Грицалюк сочувственно поцокал языком и ушел к зданию посольства, а Обнорский привалился к бетонной стене ограды и закрыл глаза…
После того как Кука напоил его холодной водой, прошел примерно час, в течение которого Андрей то задремывал, то просыпался… В разных концах города по-прежнему слышались выстрелы, время от времени перемежавшиеся разрывами снарядов, гранат и мин. «Господи, – подумал Обнорский. – Как у них патроны-то не кончаются? Накопили на складах с помощью большого советского брата…»
Ближе к полуночи, когда Андрей очередной раз забылся в тяжелой дреме, его растолкал Кукаринцев:
– Вставай, рейнджер, идти надо.
– Куда? – не понял Обнорский, тряся тяжелой, как с крутого похмелья, головой.

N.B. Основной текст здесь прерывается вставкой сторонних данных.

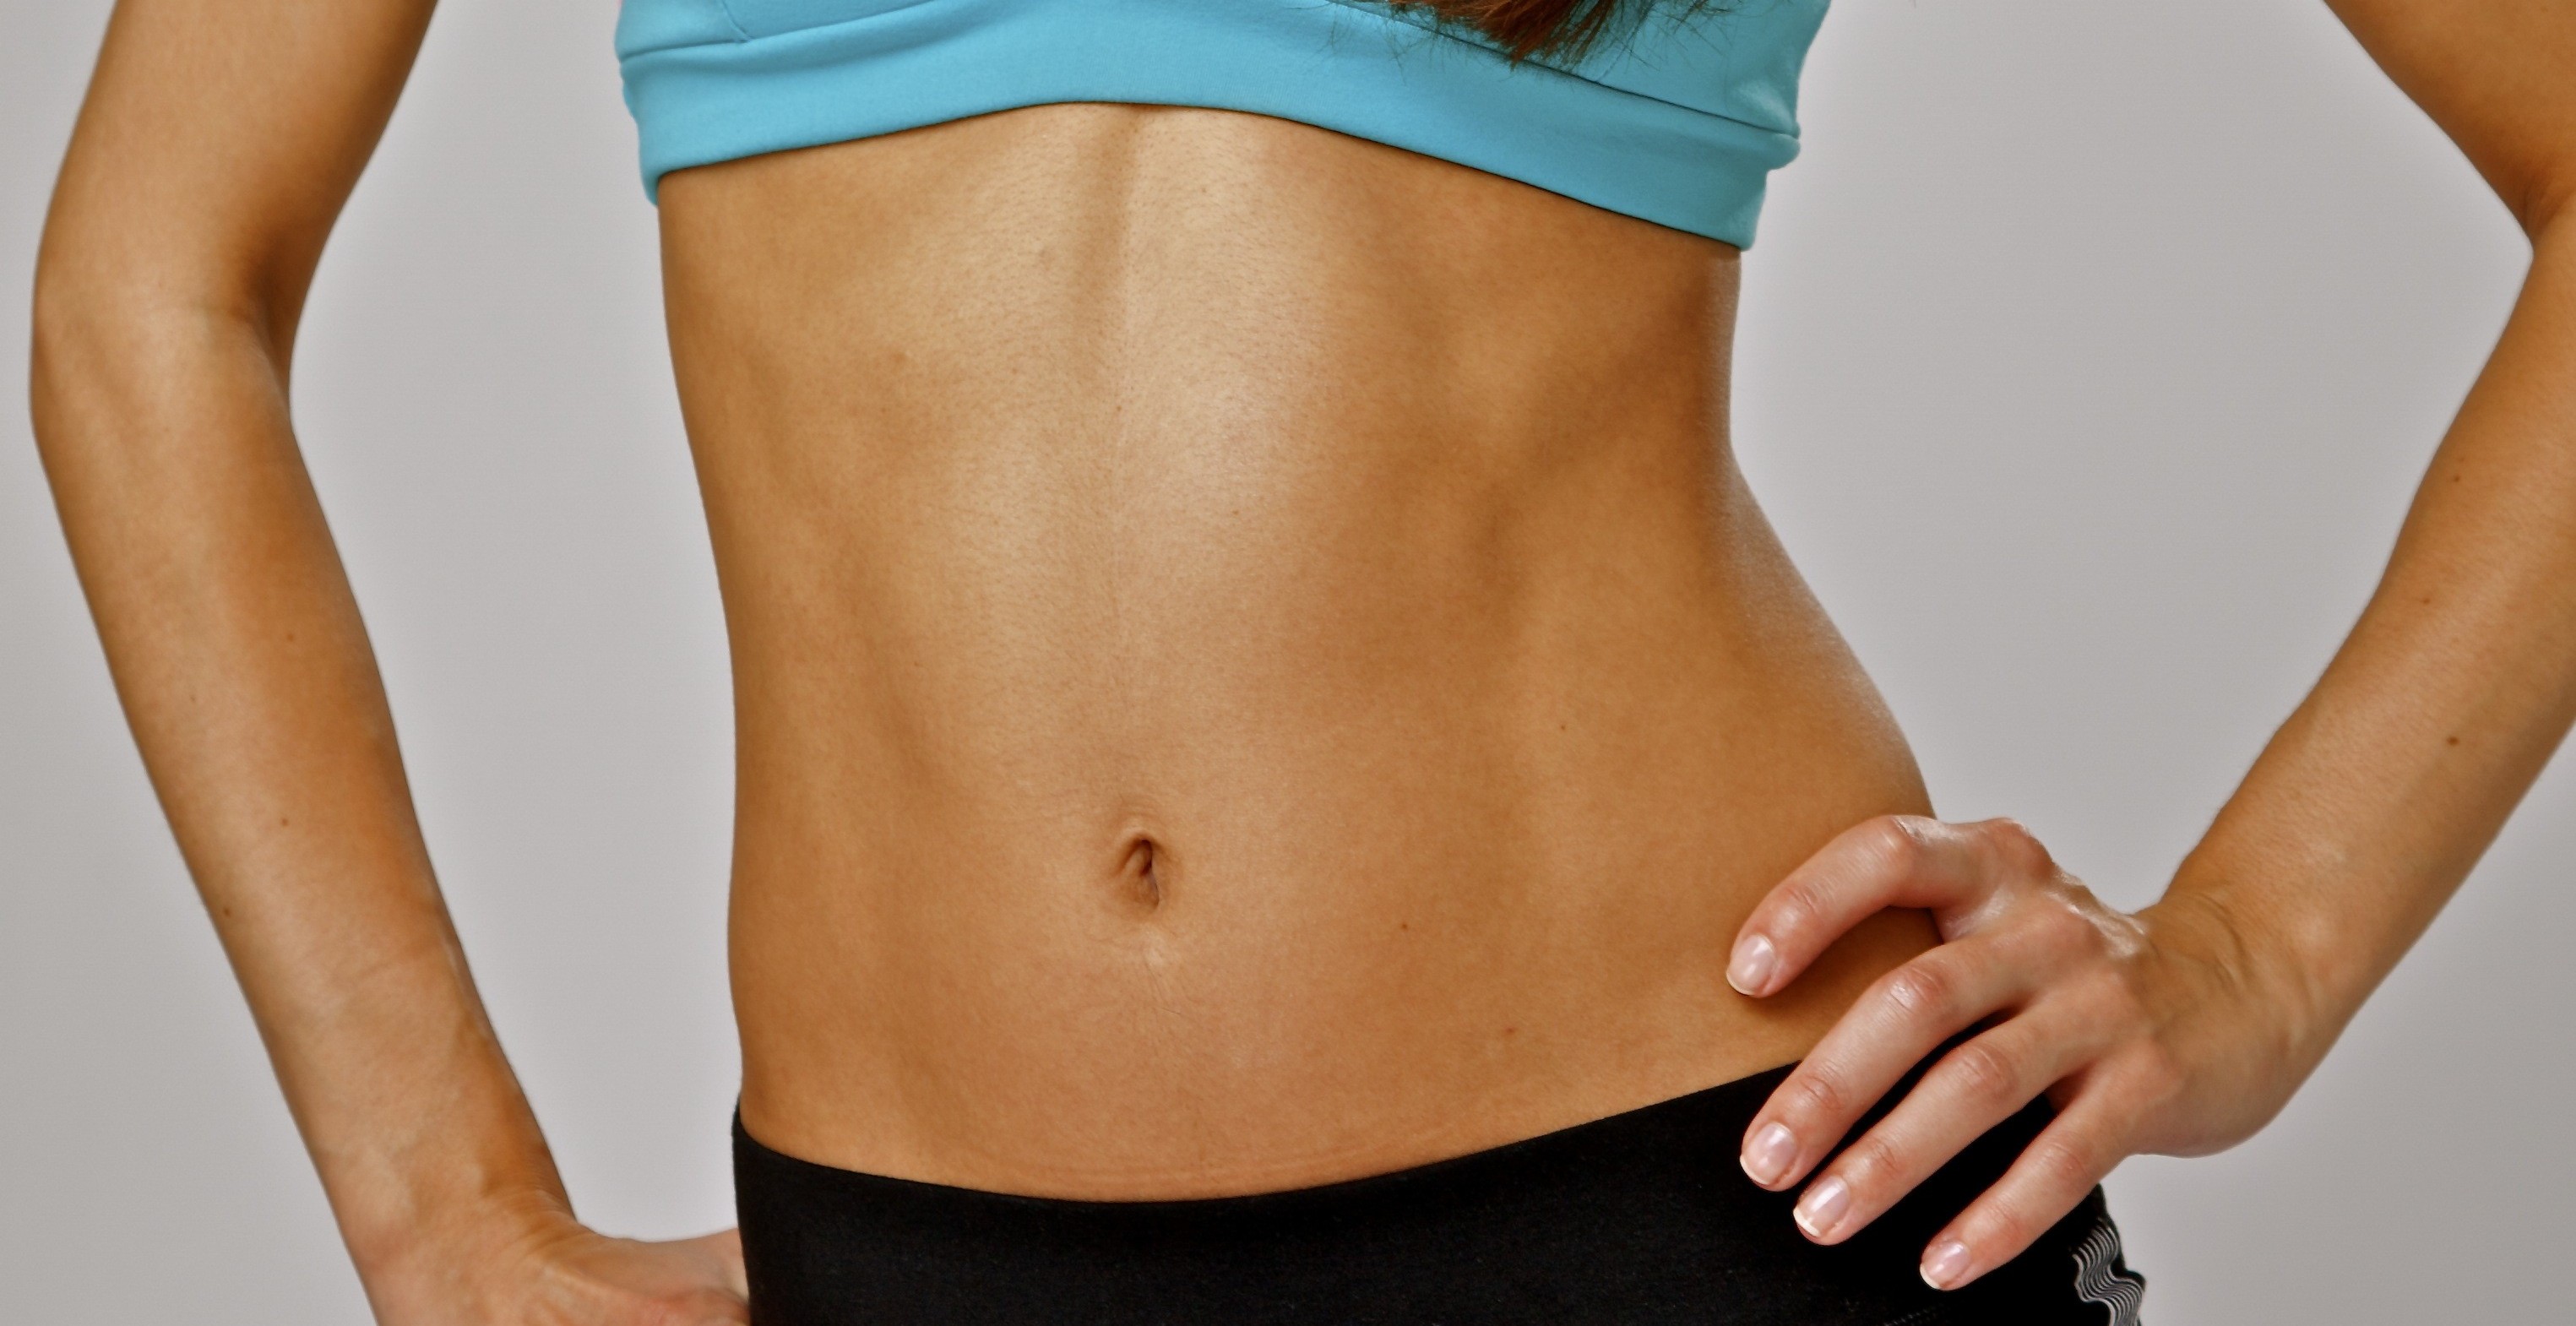 Beat Belly Bloat With These Fitness Videos and Exercises For a Flatter  Stomach.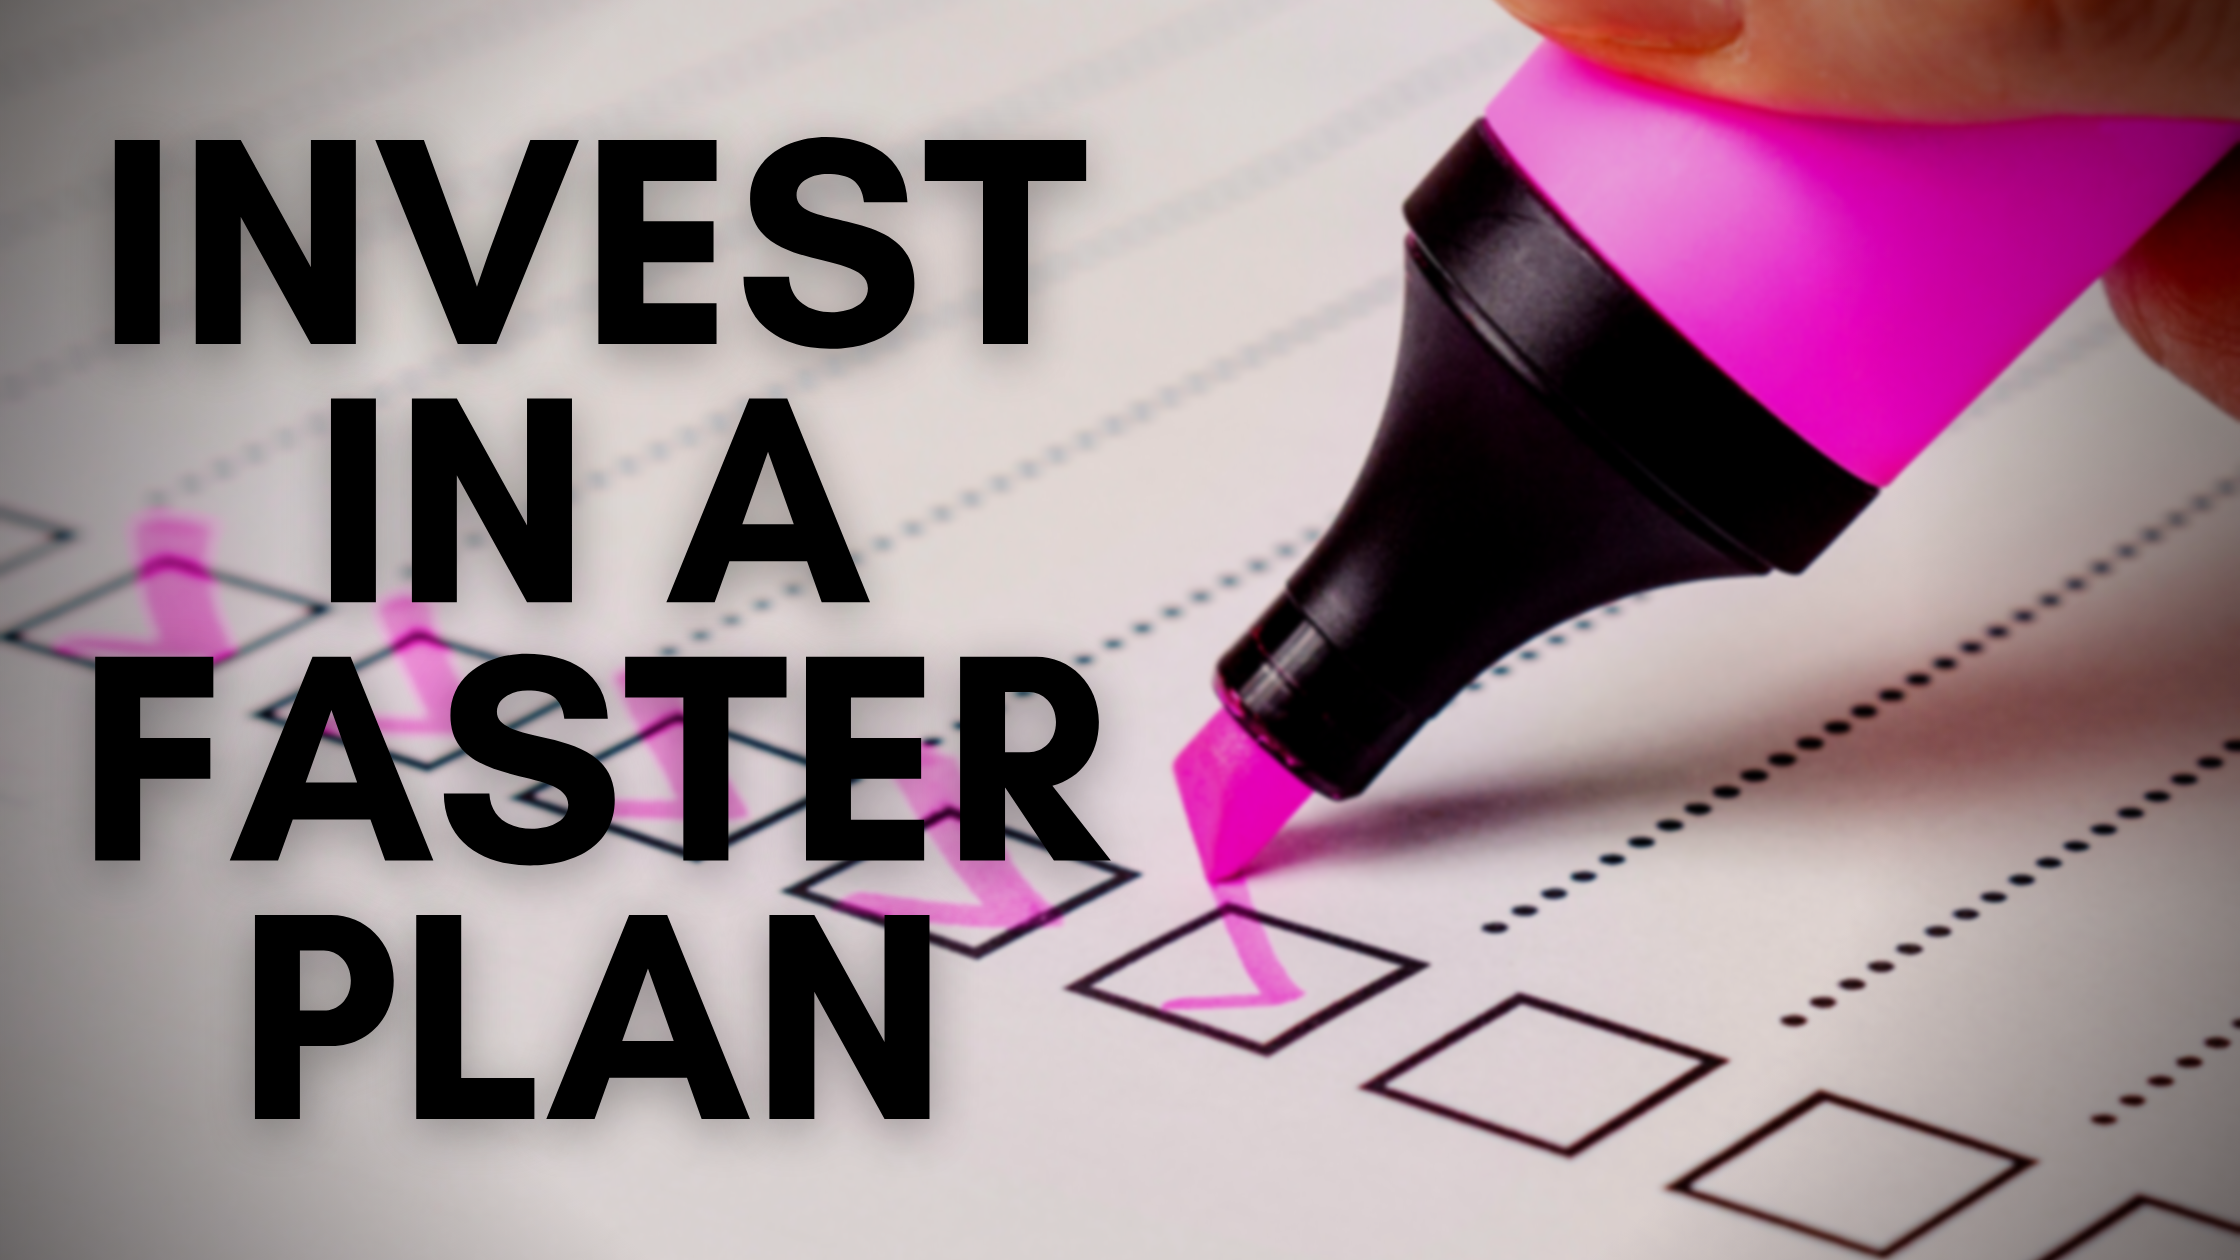 Invest in a faster plan.

– К генералу нашему дорогому. Ответную рисалю[76] доставлять.
Приглядевшись, Андрей увидел в свете луны, что на Куке такая же, как у него, палестинская форма, только не грязная и рваная, а чистая и выглаженная – зеленый хлопок в темноте казался почти черным и красиво облегал худощавую фигуру капитана.
– Чего смотришь? Не тебе одному в маскарады играть. Вставай, Палестинец…
К ним подошел, суетливо потирая руки, Грицалюк и коротко напутствовал:
– Давайте, ребятки, раз такое дело – надо все генералу объяснить…
– Что объяснить? – не понял Обнорский.
– Витя все знает, – махнул рукой полковник. – Он и расскажет. Давайте не тяните.
Андрей поднялся и механическим жестом отряхнул штаны, которые, впрочем, от этого чище не стали. Голова соображала плохо, и он спросил грушника, кивнув в сторону ворот:
– А эти?.. Пропустят?
– Пропустят, не боись… Обо всем уже договорились.
Грицалюк лично проводил их до ворот и запер за ними калитку.
Кука уверенно зашагал к посту кочевников. Когда им навстречу направилась худощавая фигура в длинной накидке, капитан махнул рукой, и фигура отступила в темноту. Андрею показалось, что это Мансур, и он снова подумал про фотографию, увиденную в «Самеде». «Черт, а где же Царьков? – вспомнил о так и не проявившемся за прошедшие два дня комитетчике Обнорский. – Закон подлости – когда надо, его нет… Если до своих доберемся, надо будет у Пахоменко поинтересоваться…» Андрею не терпелось сбросить с себя груз непонятной ему информации – пусть сами во всем разбираются, они, в конце концов, за это деньги получают…
Они еще не дошли по улице до поворота, когда со стороны посольства послышался лязг раскрывающихся ворот и рев запускаемых моторов «бэтээров».
Обнорский обернулся и, как из глубины темного кинозала, увидел, что из главного входа советской миссии вылетают один за другим два бронетранспортера, мчась прямо на орудия и кочевников. Дальнейшее произошло мгновенно. Обе машины были практически в упор расстреляны из «безоткаток» и гранатометов – прошивая броню, коммулятивные снаряды взрывались малиновыми, фиолетовыми и оранжевыми брызгами, ярким фейерверком лившимися на землю… Выскочивший первым бронетранспортер развернуло боком, и в него по инерции врезался второй, обе машины вспыхнули и замерли, из них никто даже не пытался выбраться… Застучали автоматы и пулеметы, но, похоже, эти очереди уже были лишними…
Андрей, прижавшийся к стене дома, как только началась стрельба, помотал оглохшей головой и обернулся к Куке, тяжело дышавшему рядом:
– Что? Что это?! Как же?..
– Не ори! – рявкнул на него капитан и отер тыльной стороной ладони рот. – Товарищ Абд эль-Фаттах оказался все-таки мужчиной… Через час должен был начаться штурм посольства, ему все равно кранты подходили, только лишние жертвы были бы… Вот и решил попробовать прорваться… Да, видно, не судьба…
– Как же это?! – не мог поверить своим глазам и ушам Обнорский. – Генерал же передавал… До утра всего несколько часов осталось… Зачем же мы тогда с Назрулло… Как же так?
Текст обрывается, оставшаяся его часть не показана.